Женщина смотрела на Хальруна с подозрением, не доверяя незнакомцу.
– Хорошо, вей, – сказала она поколебавшись, – пойдемте.
У порога маленькой комнаты веи Локсант Хальрун старательно вытер ноги о половик. Чистые подошвы должны было прибавить ему несколько баллов в глазах хозяйки... До прихода газетчика она занималась шитьем. Раскроенная ткань лежала на столе под единственным окном, в самом светлом месте комнаты. Рядом на стене висело изображение человека, мужчины, нарисованное рукой ребенка, но детских вещей вокруг не было, и спальное место имелось всего одно.
– Вы действительно Хальрун Осгерт? – спросила вдова. – Из газеты?
– Я бы не стал обманывать вас, вея. Не сомневайтесь.
Женщина, однако, насторожилась еще сильнее.
– Зачем же вы пришли? Я простая вдова...
– Ради хороших новостей, – улыбнулся Хальрун.
Известие о деньгах Тильма выслушала спокойно, но вместо ожидаемой радости или благодарности вдова стала хмурой.
– В деньгах я, конечно, нуждаюсь, – медленно произнесла Тильма. – Вы правы, вей, это хорошая новость.
– Но вы не рады? – удивился Хальрун.
– Нечему радоваться, – сказала она, посмотрев на пожелтевший от времени портрет. – Что мне чужие подачки? Сыновья выросли, а мне много не нужно.
Хальрун проследил за взглядом женщины.
– Это ваш муж? Который погиб?
– Это он. Мой Мелвин.
– Он выглядит совсем молодым.
Хальрун нагло соврал. Человек был нарисован несколькими неровными линиями, по которым возраст не угадывался совершенно, но газетчик заранее выяснил, что муж Тильмы погиб в возрасте двадцати восьми лет. После напоминания об этом вокруг сухих губ женщины появилась скорбная морщинка, а глаза стали болезненно грустными, словно не миновало с тех пор одиннадцати лет.
– Вам пришлось тяжело, но плохие времена всегда заканчиваются, – Хальрун улыбнулся. – Это закон жизни, вея Локсант.
– Вы правы, вей.
У женщин средних лет, особенно вдов, он вызывал необъяснимое расположение, чем бессовестно пользовался.
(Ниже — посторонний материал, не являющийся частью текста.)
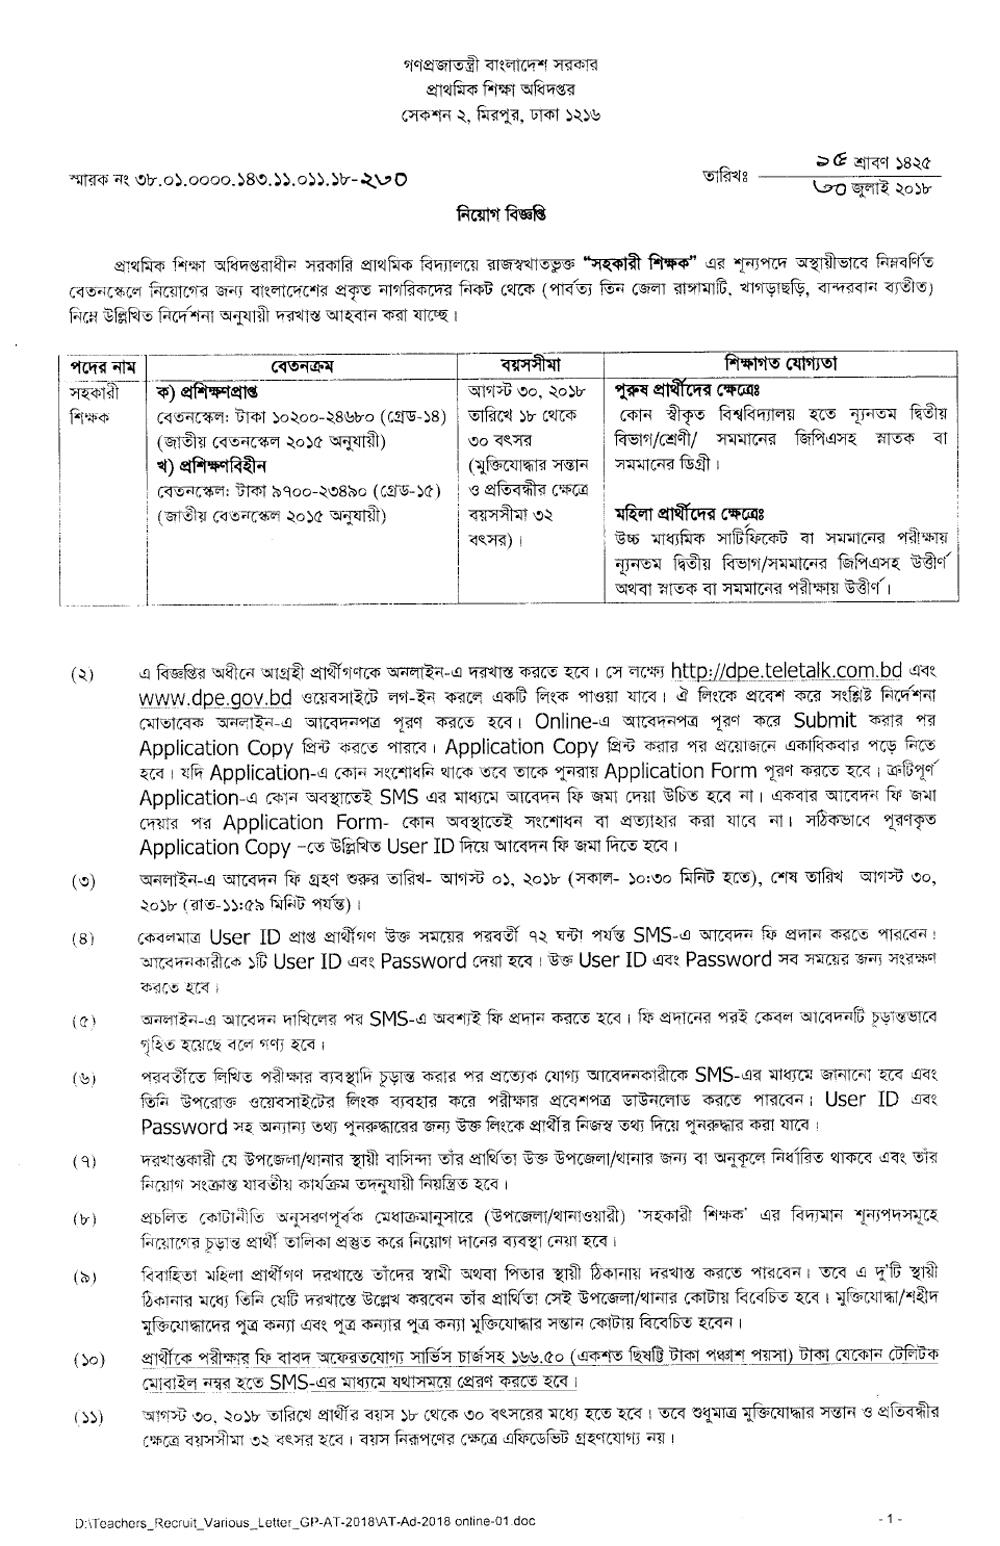 WWW DPE BD - Primary Assistant Teacher Bangladesh Job Application

Тильма не стал исключением. Преодолев первое недоверие, она расщедрилась на чай, отказываться от которого Хальрун не стал.
Пока хозяйка ходила за кипятком, газетчик осмотрелся. Вея Локсант жила... не так уж плохо. Немногочисленные вещи содержались в чистоте и о них заботились. Вдове была свойственна аккуратность, да и взрослые сыновья должны были стать поддержкой... В комнату робко заглянула Майла, но обнаружив, что Хальрун заметил ее, она пискнула и сбежала. Газетчик даже не понял, зачем девочка приходила...
– Пожалуйста, вей Осгерт, – Тильма поставила перед ним чашку с жиденьким желтоватым напитком. – Мне редко выпадает удовольствие разделить с кем-нибудь чай. Тут не с кем, знаете ли.
– Благодарю, – сказал Хальрун и посмотрел в сторону окна. – Вы шьете? На заказ?
Вдова кивнула. Чай она пила с видимым удовольствием, делая маленькие быстрые глотки. Руки у нее были худыми и бледными, похожими на птичьи лапки, с тонкой, как бумага, кожей. Дешевую чашку они держали бережно, словно невероятную драгоценность.
– Пришлось научиться, когда мужа не стало. Нам требовалось на что-то жить.
– Разве вей Кросгейс не помогал вам? – удивился Хальрун. – Я слышал, вей обещал обеспечить семьи погибших. Я не прав?